Transgressive Transcendentalism is "transcendental" in a Kantian sense: an ideal standpoint is adopted as a benchmark against which to criticize the inherited order.
That ideal standpoint consists of what William O. Douglas termed "traditional notions of fair play and substantial justice" [
Milliken v. Meyer, 311 U.S. 457 (1940) following, loosely,
dicta in the opinion of Oliver Wendell Holmes, Jr. in
McDonald v. Mabee, 243 U.S. 90 (1917)]. Where exactly those traditional notions come from or in what they consist is never addressed by the justices of the U.S. Supreme Court who refer to them, but one may surmise without much speculation that their sources are several.
For the Transgressive Transcendentalist, Near Eastern prophecy from Zarathustra to Muhammad contributes to the construction of this canon of critical standards.
The "transgressive" aspect of this Transcendental mode is Melvillean as Melville was, in the words of Arthur Versluis, an "inverted transcendentalist" and a latter-day "Gnostic," which is to say, an individual profoundly troubled by the fact of human suffering. (See Versluis,
American Transcendentalism and Asian Religions, OUP, 1993).

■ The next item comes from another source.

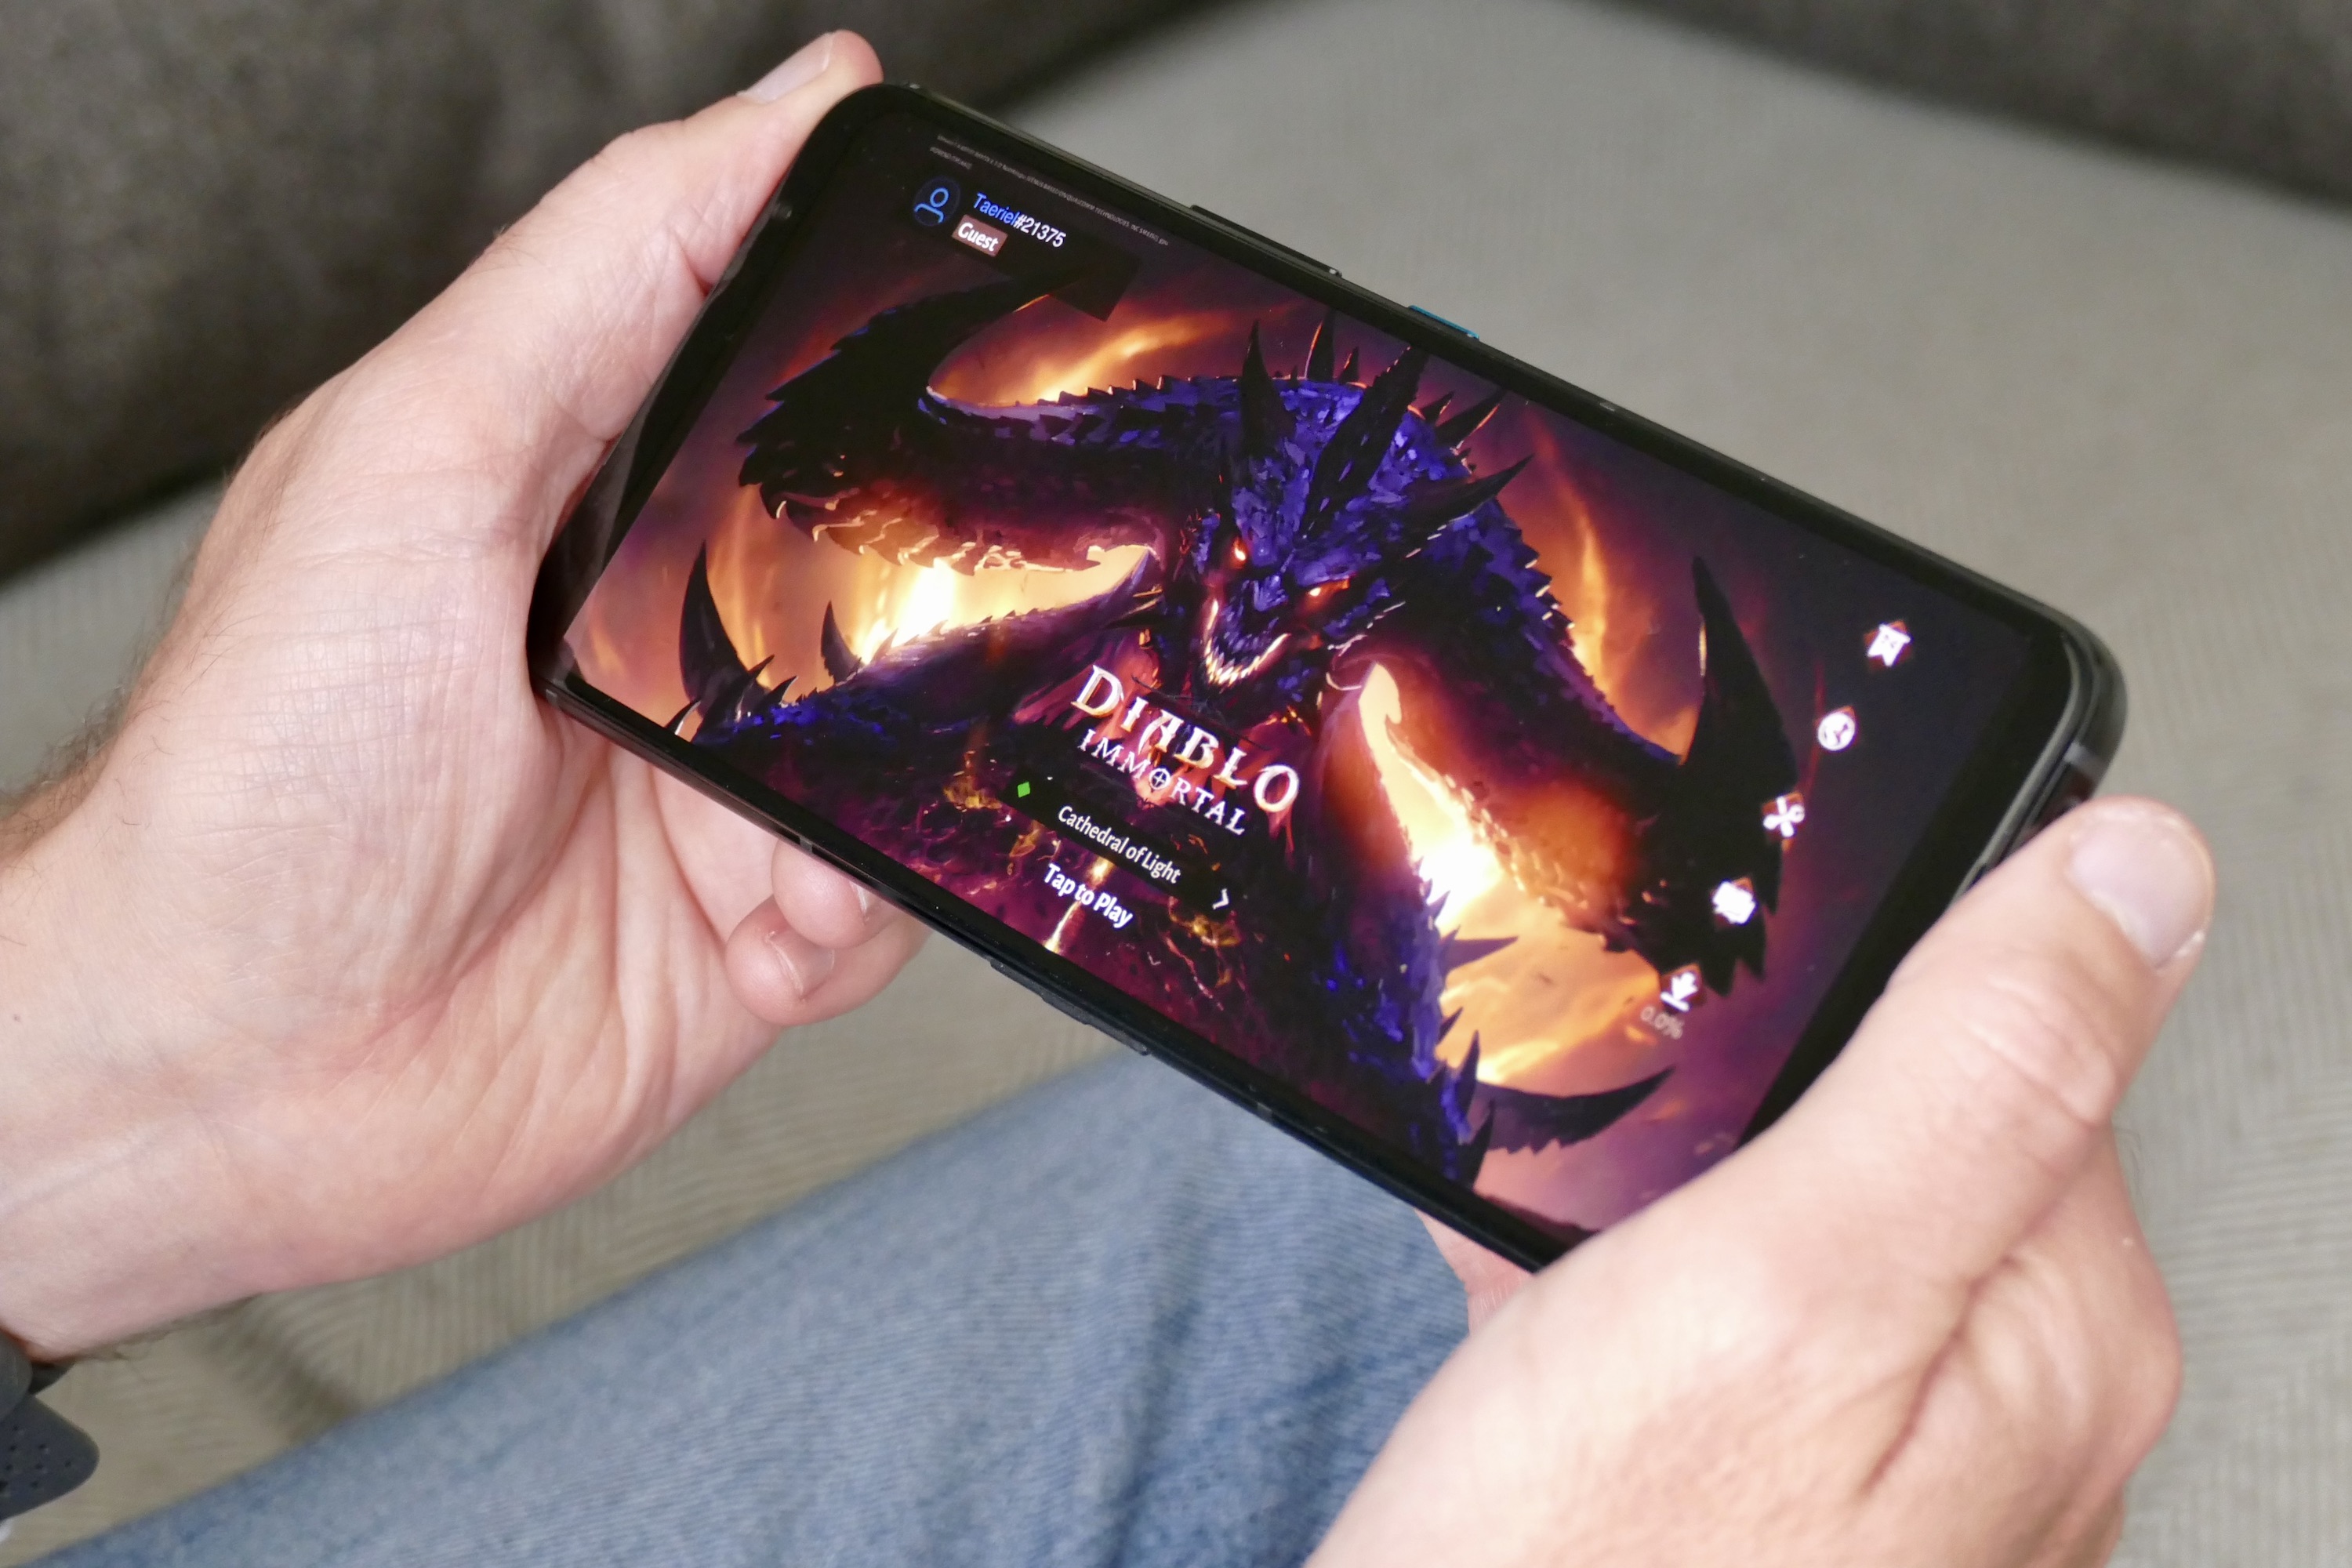 Tela principal de Diablo Immortal no Asus ROG Phone 5.

That transgressive turn undercuts the tendency towards Emersonian optimism that may otherwise lurk in the transcendental impulse. The thing-in-itself remains not only epistemologically unavailable but also morally inscrutable.
Even so, as Melville himself understood, there are everyday mercies that enable every one of us to bear the strain of life in this tavern of ruin.